## What to produce
What you give back must match the data character for character.

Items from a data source
□ □ □ □

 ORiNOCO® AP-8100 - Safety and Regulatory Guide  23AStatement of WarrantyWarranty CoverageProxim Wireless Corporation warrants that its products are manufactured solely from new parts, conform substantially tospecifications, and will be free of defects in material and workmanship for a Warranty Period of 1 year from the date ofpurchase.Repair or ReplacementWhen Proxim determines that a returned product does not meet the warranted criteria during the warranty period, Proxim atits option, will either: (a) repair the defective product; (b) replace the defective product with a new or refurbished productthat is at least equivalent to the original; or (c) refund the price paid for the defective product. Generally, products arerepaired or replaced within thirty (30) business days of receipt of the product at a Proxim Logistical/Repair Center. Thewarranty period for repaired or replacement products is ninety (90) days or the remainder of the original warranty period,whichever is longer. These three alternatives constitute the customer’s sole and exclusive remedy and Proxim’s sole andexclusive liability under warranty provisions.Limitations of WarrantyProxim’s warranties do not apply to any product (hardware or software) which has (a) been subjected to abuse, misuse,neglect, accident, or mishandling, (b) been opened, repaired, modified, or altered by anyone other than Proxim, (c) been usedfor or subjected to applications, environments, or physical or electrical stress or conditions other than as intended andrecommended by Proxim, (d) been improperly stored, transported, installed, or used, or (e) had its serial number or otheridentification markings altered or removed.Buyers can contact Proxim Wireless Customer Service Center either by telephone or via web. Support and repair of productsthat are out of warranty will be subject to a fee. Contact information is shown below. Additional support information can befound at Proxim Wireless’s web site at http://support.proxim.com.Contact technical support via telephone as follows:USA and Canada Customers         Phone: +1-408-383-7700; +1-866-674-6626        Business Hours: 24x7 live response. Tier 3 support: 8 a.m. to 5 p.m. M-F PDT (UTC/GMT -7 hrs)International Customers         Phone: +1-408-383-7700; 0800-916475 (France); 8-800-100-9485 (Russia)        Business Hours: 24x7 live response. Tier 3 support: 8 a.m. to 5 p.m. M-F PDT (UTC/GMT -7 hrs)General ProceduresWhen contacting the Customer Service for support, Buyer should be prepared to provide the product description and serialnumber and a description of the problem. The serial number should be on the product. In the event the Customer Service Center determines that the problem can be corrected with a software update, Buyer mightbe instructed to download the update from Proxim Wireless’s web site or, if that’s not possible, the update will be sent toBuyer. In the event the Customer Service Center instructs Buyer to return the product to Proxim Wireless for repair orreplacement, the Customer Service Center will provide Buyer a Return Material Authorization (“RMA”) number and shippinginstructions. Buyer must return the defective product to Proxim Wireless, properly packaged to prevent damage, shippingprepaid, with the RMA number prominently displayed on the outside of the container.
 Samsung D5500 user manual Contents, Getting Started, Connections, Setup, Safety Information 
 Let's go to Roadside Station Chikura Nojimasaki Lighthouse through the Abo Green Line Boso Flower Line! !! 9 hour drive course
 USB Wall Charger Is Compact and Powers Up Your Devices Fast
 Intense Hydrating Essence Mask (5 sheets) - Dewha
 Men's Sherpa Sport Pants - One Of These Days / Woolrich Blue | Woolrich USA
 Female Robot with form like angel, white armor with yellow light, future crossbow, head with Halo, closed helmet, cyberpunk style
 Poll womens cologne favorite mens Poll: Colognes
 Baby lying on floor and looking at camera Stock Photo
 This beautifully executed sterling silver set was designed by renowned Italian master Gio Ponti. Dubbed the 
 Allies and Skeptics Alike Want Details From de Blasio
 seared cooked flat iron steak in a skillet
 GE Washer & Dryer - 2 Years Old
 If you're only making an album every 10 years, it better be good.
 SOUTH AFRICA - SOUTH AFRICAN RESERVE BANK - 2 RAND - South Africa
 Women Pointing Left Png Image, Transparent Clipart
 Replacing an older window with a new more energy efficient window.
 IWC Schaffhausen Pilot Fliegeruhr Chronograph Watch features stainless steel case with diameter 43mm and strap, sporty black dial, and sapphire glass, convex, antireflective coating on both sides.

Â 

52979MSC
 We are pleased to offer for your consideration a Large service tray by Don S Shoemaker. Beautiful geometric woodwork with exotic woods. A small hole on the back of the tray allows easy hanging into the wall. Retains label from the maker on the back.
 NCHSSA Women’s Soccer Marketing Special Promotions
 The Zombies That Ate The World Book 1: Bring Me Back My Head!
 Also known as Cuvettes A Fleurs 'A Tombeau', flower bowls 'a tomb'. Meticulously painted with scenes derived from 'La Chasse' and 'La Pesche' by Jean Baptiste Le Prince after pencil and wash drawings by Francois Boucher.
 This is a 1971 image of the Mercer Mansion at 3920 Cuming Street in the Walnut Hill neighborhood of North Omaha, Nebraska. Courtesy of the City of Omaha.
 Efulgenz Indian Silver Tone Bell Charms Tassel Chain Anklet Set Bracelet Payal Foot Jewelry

□ □ □ □

## Completed task
 ORiNOCO® AP-8100 - Safety and Regulatory Guide  23AStatement of WarrantyWarranty CoverageProxim Wireless Corporation warrants that its products are manufactured solely from new parts, conform substantially tospecifications, and will be free of defects in material and workmanship for a Warranty Period of 1 year from the date ofpurchase.Repair or ReplacementWhen Proxim determines that a returned product does not meet the warranted criteria during the warranty period, Proxim atits option, will either: (a) repair the defective product; (b) replace the defective product with a new or refurbished productthat is at least equivalent to the original; or (c) refund the price paid for the defective product. Generally, products arerepaired or replaced within thirty (30) business days of receipt of the product at a Proxim Logistical/Repair Center. Thewarranty period for repaired or replacement products is ninety (90) days or the remainder of the original warranty period,whichever is longer. These three alternatives constitute the customer’s sole and exclusive remedy and Proxim’s sole andexclusive liability under warranty provisions.Limitations of WarrantyProxim’s warranties do not apply to any product (hardware or software) which has (a) been subjected to abuse, misuse,neglect, accident, or mishandling, (b) been opened, repaired, modified, or altered by anyone other than Proxim, (c) been usedfor or subjected to applications, environments, or physical or electrical stress or conditions other than as intended andrecommended by Proxim, (d) been improperly stored, transported, installed, or used, or (e) had its serial number or otheridentification markings altered or removed.Buyers can contact Proxim Wireless Customer Service Center either by telephone or via web. Support and repair of productsthat are out of warranty will be subject to a fee. Contact information is shown below. Additional support information can befound at Proxim Wireless’s web site at http://support.proxim.com.Contact technical support via telephone as follows:USA and Canada Customers         Phone: +1-408-383-7700; +1-866-674-6626        Business Hours: 24x7 live response. Tier 3 support: 8 a.m. to 5 p.m. M-F PDT (UTC/GMT -7 hrs)International Customers         Phone: +1-408-383-7700; 0800-916475 (France); 8-800-100-9485 (Russia)        Business Hours: 24x7 live response. Tier 3 support: 8 a.m. to 5 p.m. M-F PDT (UTC/GMT -7 hrs)General ProceduresWhen contacting the Customer Service for support, Buyer should be prepared to provide the product description and serialnumber and a description of the problem. The serial number should be on the product. In the event the Customer Service Center determines that the problem can be corrected with a software update, Buyer mightbe instructed to download the update from Proxim Wireless’s web site or, if that’s not possible, the update will be sent toBuyer. In the event the Customer Service Center instructs Buyer to return the product to Proxim Wireless for repair orreplacement, the Customer Service Center will provide Buyer a Return Material Authorization (“RMA”) number and shippinginstructions. Buyer must return the defective product to Proxim Wireless, properly packaged to prevent damage, shippingprepaid, with the RMA number prominently displayed on the outside of the container.
 Samsung D5500 user manual Contents, Getting Started, Connections, Setup, Safety Information 
 Let's go to Roadside Station Chikura Nojimasaki Lighthouse through the Abo Green Line Boso Flower Line! !! 9 hour drive course
 USB Wall Charger Is Compact and Powers Up Your Devices Fast
 Intense Hydrating Essence Mask (5 sheets) - Dewha
 Men's Sherpa Sport Pants - One Of These Days / Woolrich Blue | Woolrich USA
 Female Robot with form like angel, white armor with yellow light, future crossbow, head with Halo, closed helmet, cyberpunk style
 Poll womens cologne favorite mens Poll: Colognes
 Baby lying on floor and looking at camera Stock Photo
 This beautifully executed sterling silver set was designed by renowned Italian master Gio Ponti. Dubbed the 
 Allies and Skeptics Alike Want Details From de Blasio
 seared cooked flat iron steak in a skillet
 GE Washer & Dryer - 2 Years Old
 If you're only making an album every 10 years, it better be good.
 SOUTH AFRICA - SOUTH AFRICAN RESERVE BANK - 2 RAND - South Africa
 Women Pointing Left Png Image, Transparent Clipart
 Replacing an older window with a new more energy efficient window.
 IWC Schaffhausen Pilot Fliegeruhr Chronograph Watch features stainless steel case with diameter 43mm and strap, sporty black dial, and sapphire glass, convex, antireflective coating on both sides.

Â 

52979MSC
 We are pleased to offer for your consideration a Large service tray by Don S Shoemaker. Beautiful geometric woodwork with exotic woods. A small hole on the back of the tray allows easy hanging into the wall. Retains label from the maker on the back.
 NCHSSA Women’s Soccer Marketing Special Promotions
 The Zombies That Ate The World Book 1: Bring Me Back My Head!
 Also known as Cuvettes A Fleurs 'A Tombeau', flower bowls 'a tomb'. Meticulously painted with scenes derived from 'La Chasse' and 'La Pesche' by Jean Baptiste Le Prince after pencil and wash drawings by Francois Boucher.
 This is a 1971 image of the Mercer Mansion at 3920 Cuming Street in the Walnut Hill neighborhood of North Omaha, Nebraska. Courtesy of the City of Omaha.
 Efulgenz Indian Silver Tone Bell Charms Tassel Chain Anklet Set Bracelet Payal Foot Jewelry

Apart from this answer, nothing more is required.